Task instructions ::
So that the copy stays text only, transcribe the data below exactly and exclude the images.

BEGIN Data

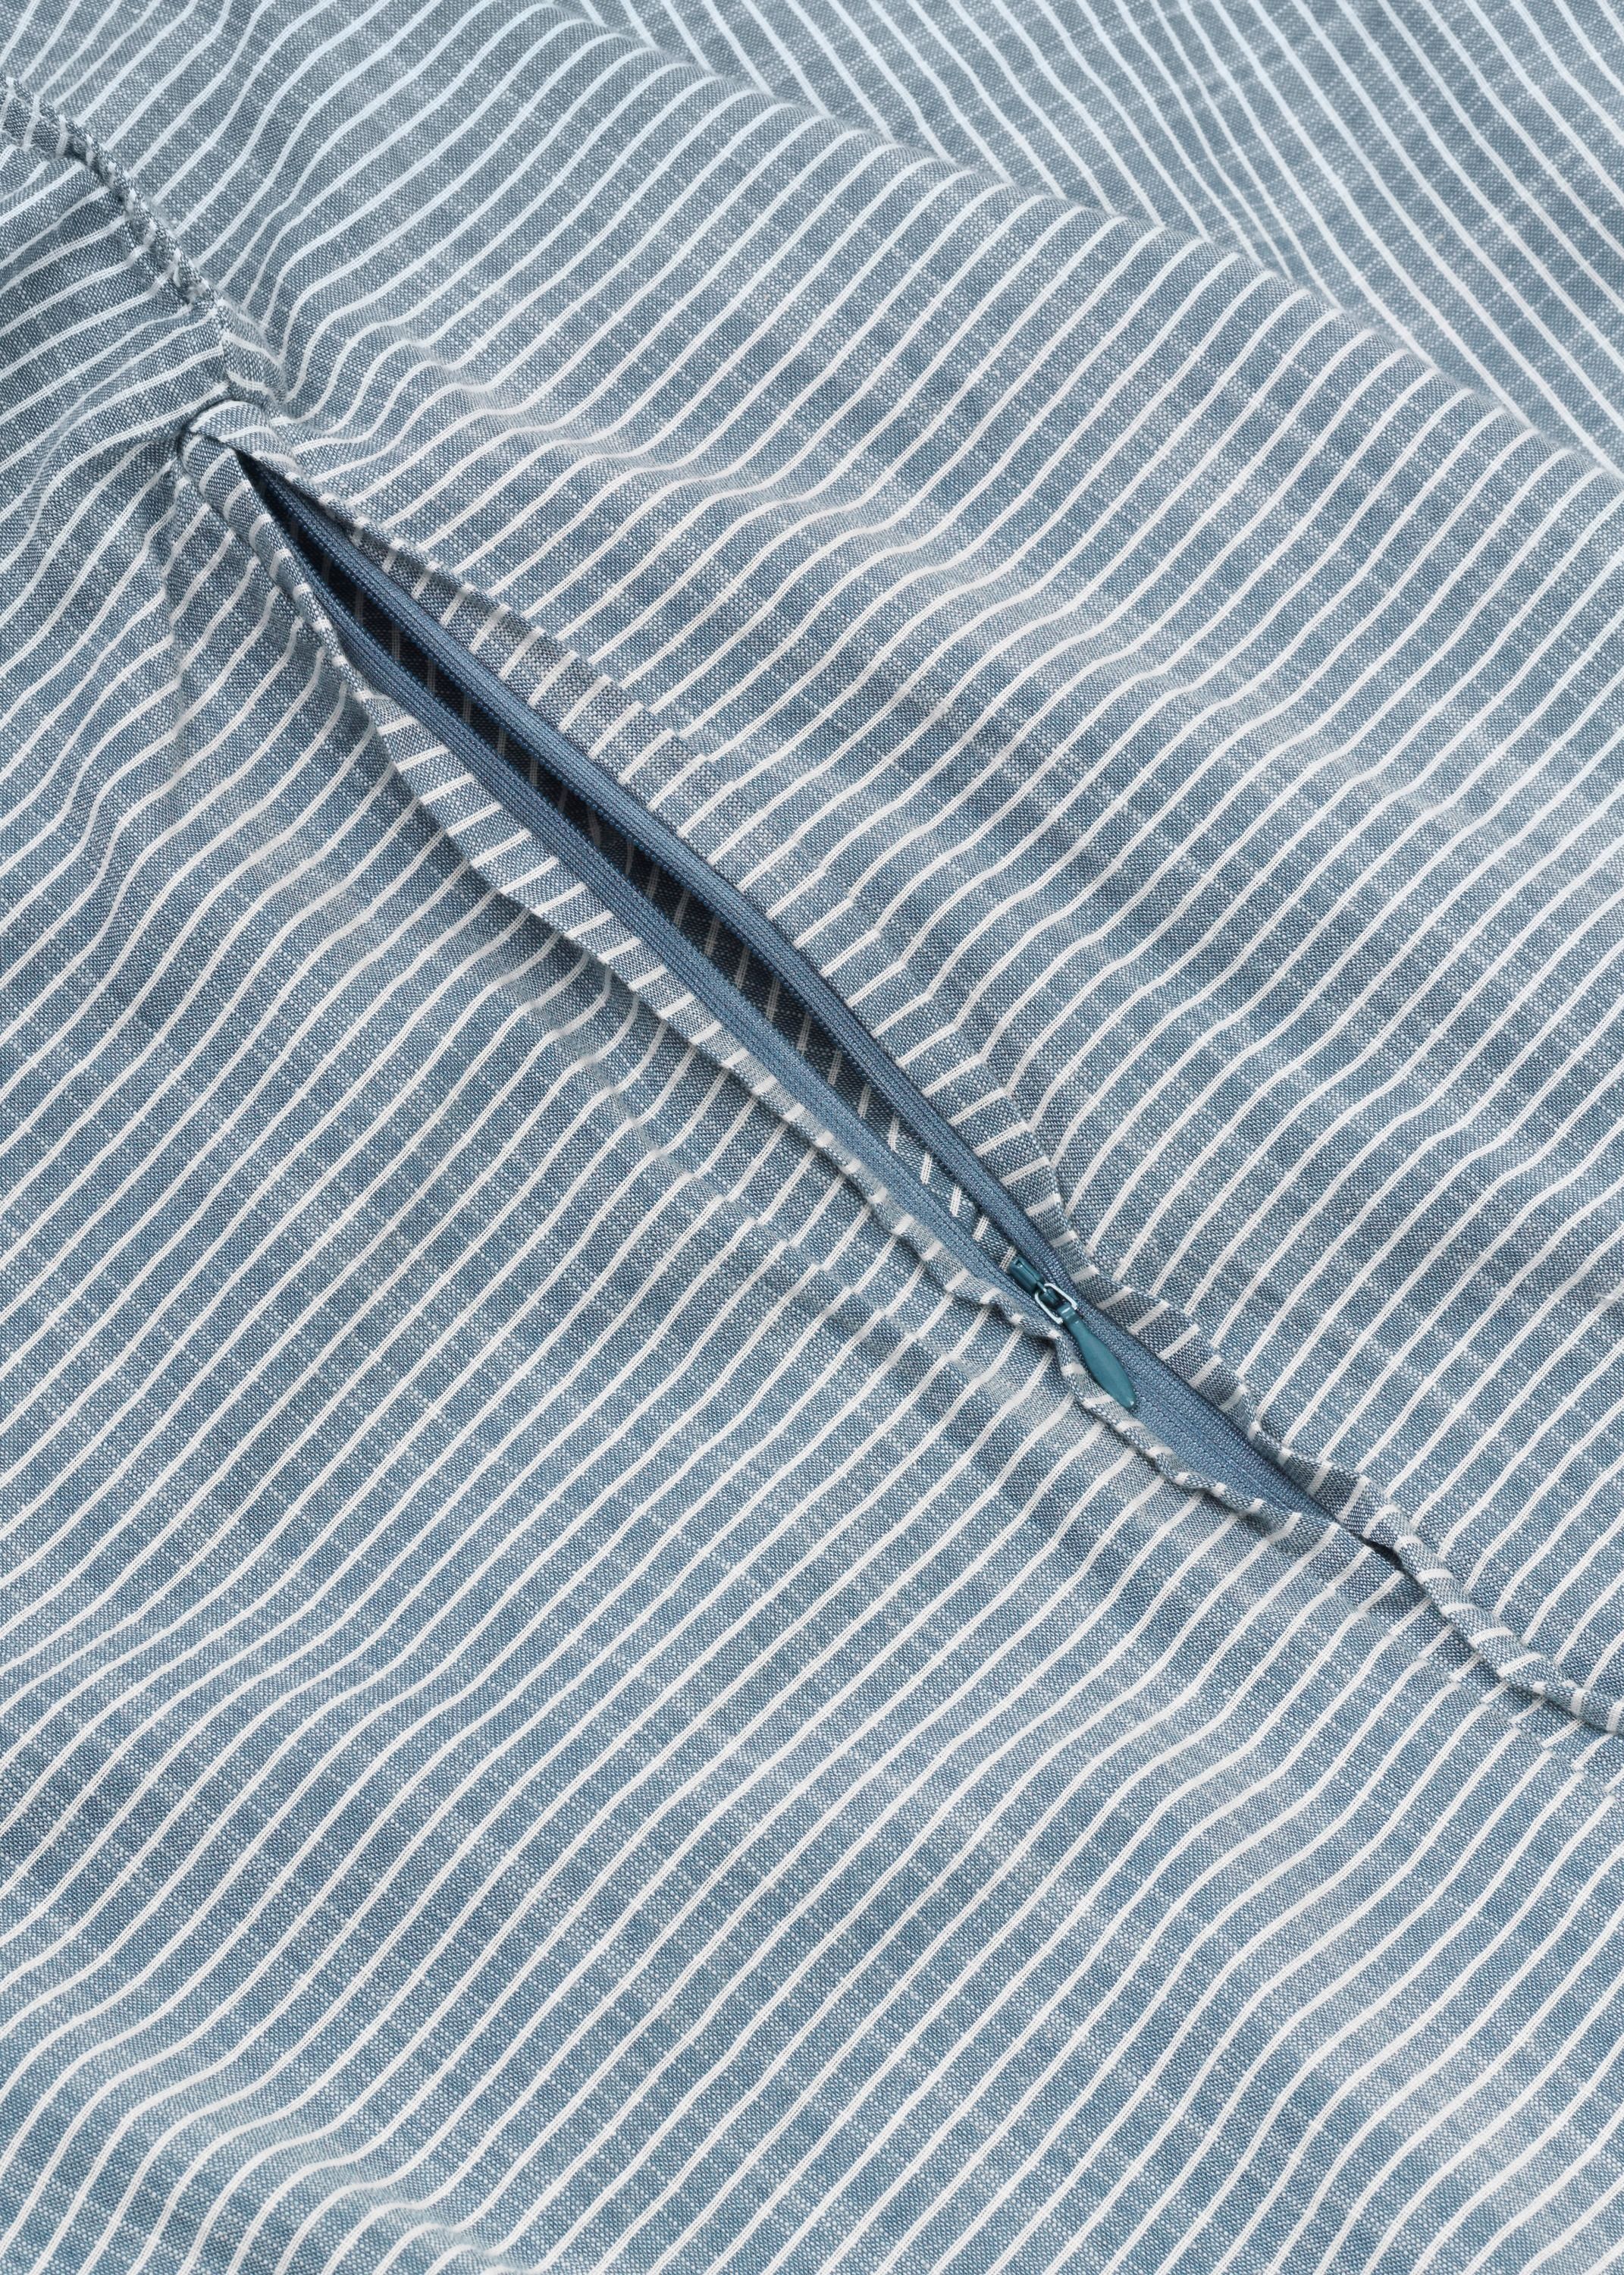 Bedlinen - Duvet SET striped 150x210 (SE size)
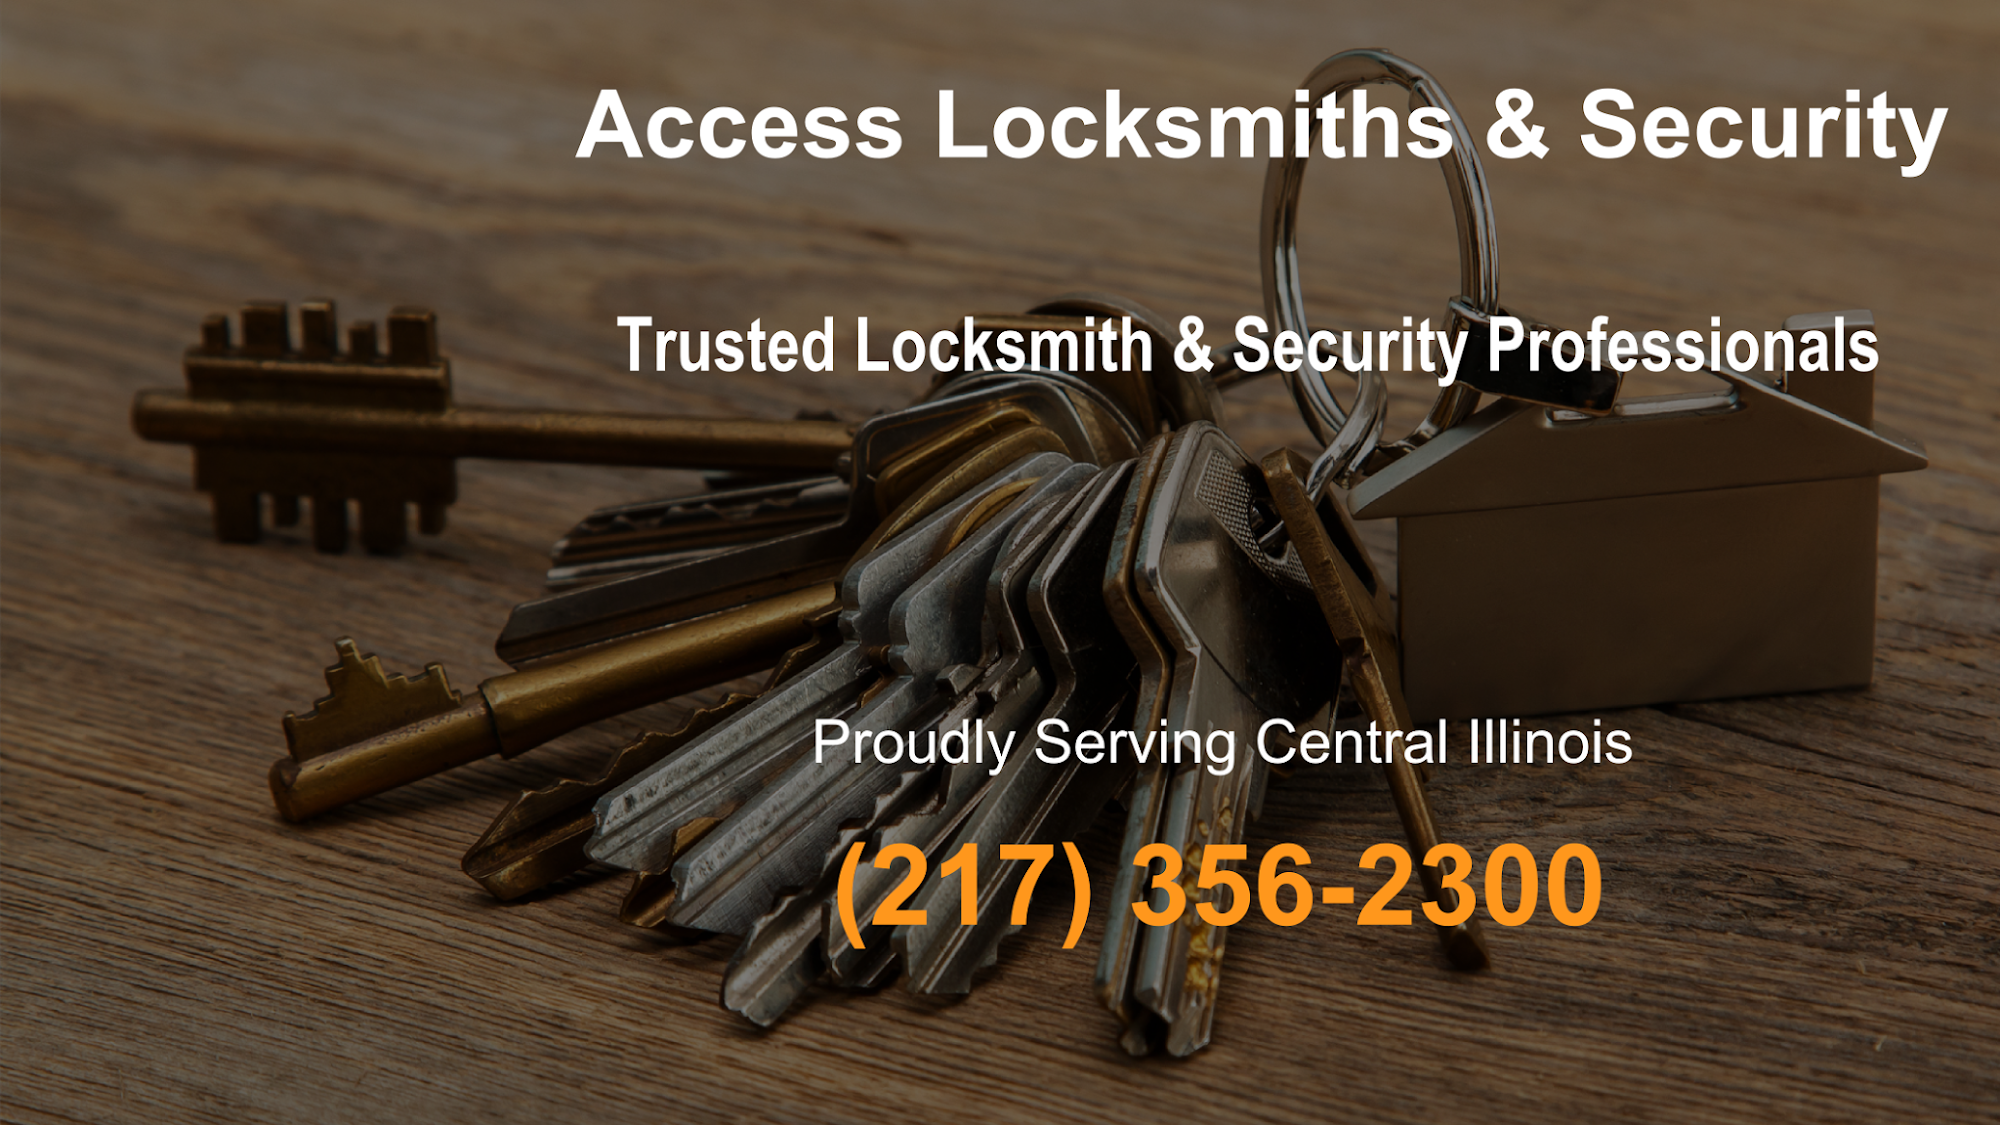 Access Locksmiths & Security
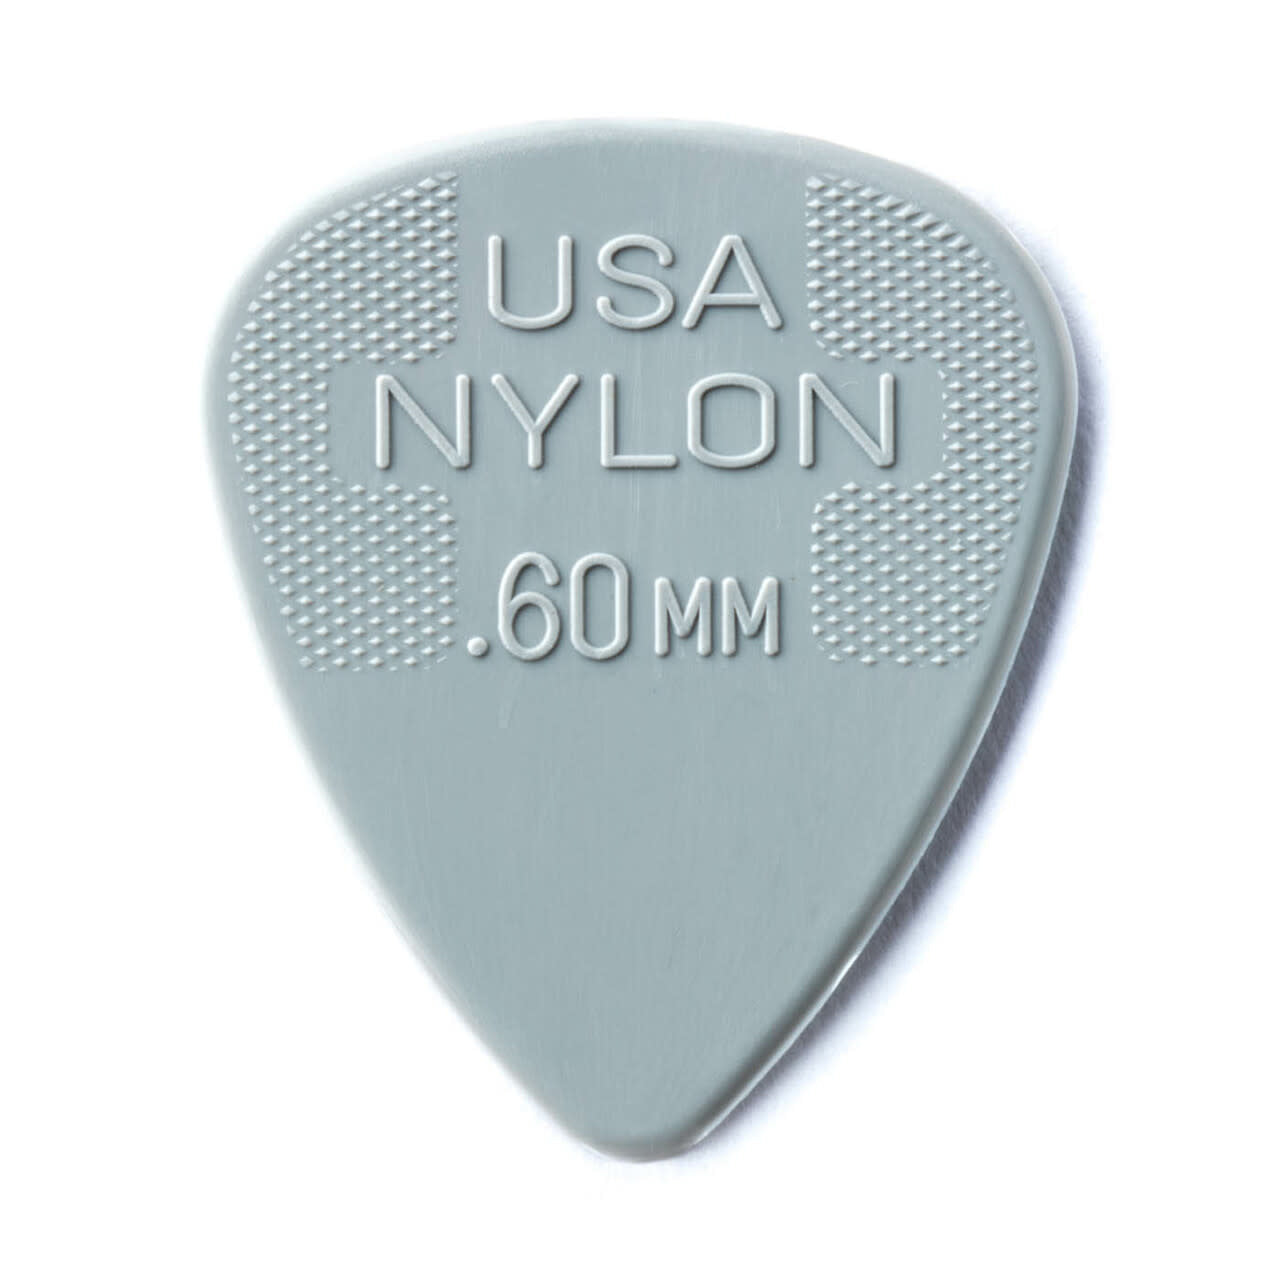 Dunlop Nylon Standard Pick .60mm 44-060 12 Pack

END Data

Reply ::
 Bedlinen - Duvet SET striped 150x210 (SE size)
 Access Locksmiths & Security
 Dunlop Nylon Standard Pick .60mm 44-060 12 Pack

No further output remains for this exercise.